Collins has offered leaders a choice for regaining her support: Either drop the provision or pass two additional bills to “mitigate” the impact of repealing the mandate—the Alexander-Murray bill to stabilize the insurance market, along with a reinsurance bill she co-authored with Florida Sen. Bill Nelson. Collins said, further, that she’d like to see those bills passed before they consider tax reform.

McConnell won’t spend precious legislative floor time on these bipartisan health care bills when he’s in a race to get tax reform finished. The more workable path, as Tennessee Sen. Lamar Alexander himself has said, would be to earn the president’s endorsement of Alexander-Murray and attach it to the end-of-year appropriations package.

This wouldn’t solve all of Collins’ problems with the bill. It would, however, go a long way toward winning the support of Alaska Sen. Lisa Murkowski, who wrote in an op-ed on Tuesday that she supports repealing the individual mandate. Do not expect the two moderates to be linked at the hip the way they were on various Obamacare repeal bills over the summer. The reconciliation instructions allowing for filibuster-free consideration of the tax bill also tasked the Senate Energy and Natural Resources Committee, which Murkowski chairs, with finding $1 billion in savings. Murkowski has put forward a bill to open up part of the Arctic National Wildlife Refuge to drilling. This is a sort of Holy Grail for Alaska Republicans, giving Murkowski a strong incentive to get to yes.

It may seem quaint, but there are also still a few Senate Republicans concerned about how a gaping structural revenue shortfall will affect the national debt.

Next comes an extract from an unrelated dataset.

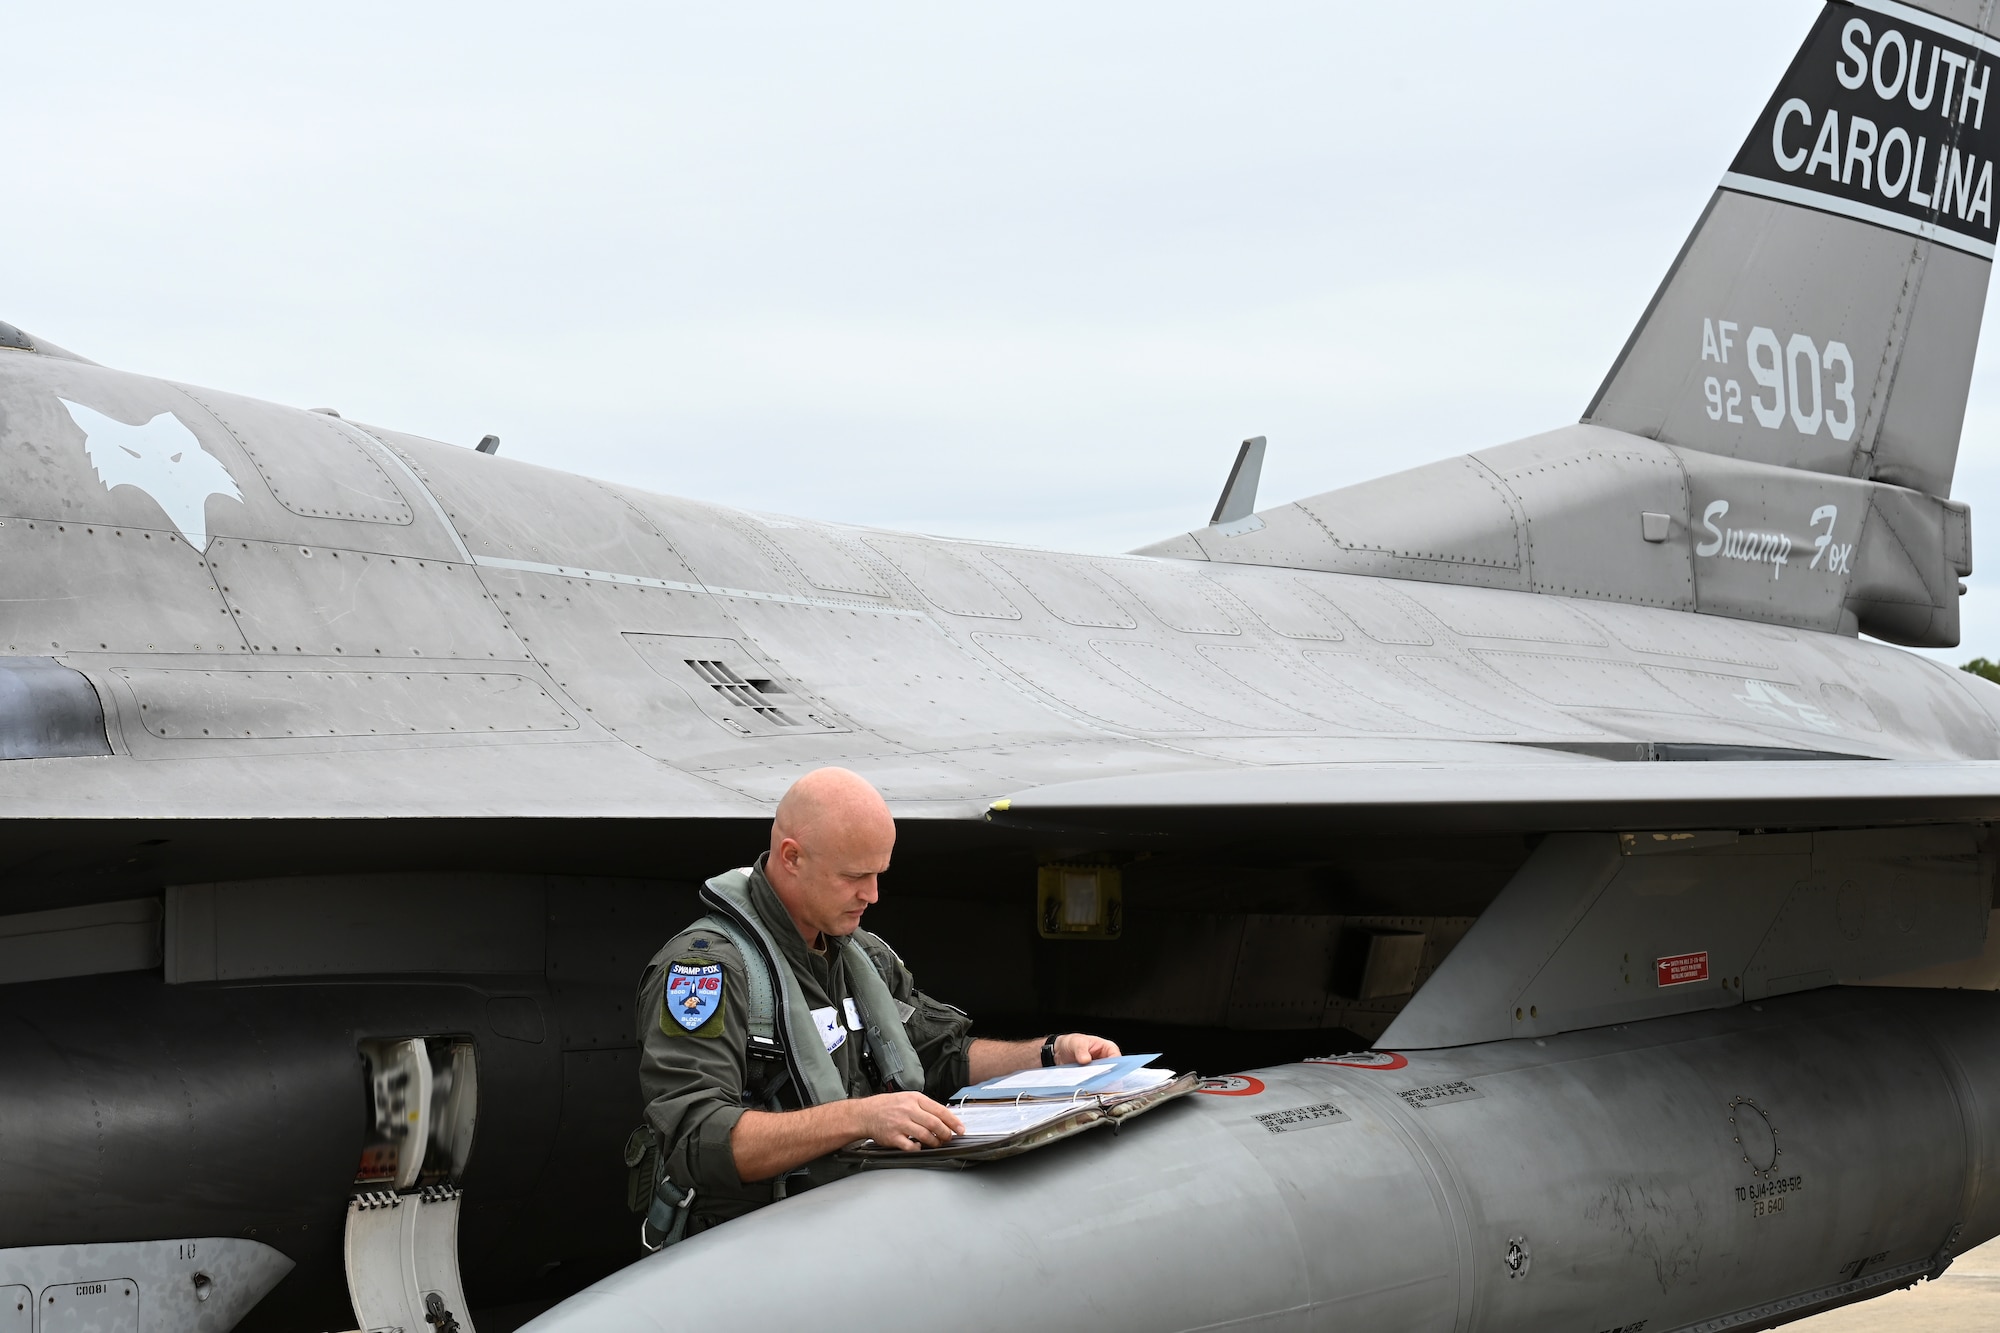 U.S. Air Force Lt. Col. David Anderson, 157th Fighter Squadron pilot, checks aircraft maintenance records as he prepares an F-16 fighter jet from the South Carolina Air National Guard’s 169th Fighter Wing to depart Columbia Metropolitan Airport in West Columbia, South Carolina, to an alternate airfield Sept. 29, 2022. The temporary relocation was a safety precaution ahead of the anticipated arrival of Hurricane Ian.

Arizona Sen. Jeff Flake is retiring, which gives him the unique license to vote according to previously stated principles. Flake is a deficit hawk, and he’s so far unconvinced that dispersing $1.5 trillion in debt-financed tax cuts complies with the whole deficit-hawk ethos. Trump has responded by calling him names on Twitter.

Tennessee Sen. Bob Corker is also a deficit hawk who is not seeking re-election. His concerns are a bit different than Flake’s. Corker is fine with the $1.5 trillion price tag—which he should be, since it was a deal he negotiated. But he wants to ensure that the “dynamic” score of the tax bill shows at least $1 trillion in new revenue over 10 years resulting from economic growth. Neither the House nor the Senate bills have received a dynamic score from the Joint Committee on Taxation yet. But the Tax Policy Center’s dynamic estimate last week showed that the macroeconomic effects would only produce $169 billion in new revenue over the first decade. In other words: not even close to what Corker is looking for.

The picture will hardly improve for deficit hawks once leaders accommodate Wisconsin Sen. Ron Johnson. Johnson is the only declared no on the bill as currently written. He’s concerned that the package treats large corporations more lavishly than small businesses. (What did he think this process was all about?) Some adjustment will need to be made to win him back. And reopening the section on pass-through entities could prove costly and require offsets that irritate some other segment of the GOP caucus.

Then there are the wild cards. Unlike with the health care bill, Arizona Sen. John McCain seems satisfied with the process so far, though that could change when leaders begin scrambling to make major changes a few hours before the vote. Paul could draw up some ambitious demand, like a permanent ban on discretionary federal spending, in exchange for his vote. There are likely other quiet types with concerns that we don’t fully know about. What’s up your sleeve, say, Jerry Moran?

We should expect the Senate to pass something. They built in $1.5 trillion to distribute however they saw fit when they passed their budget. Expect them to find a way. But the thing that they pass could look quite a bit different from what they have written.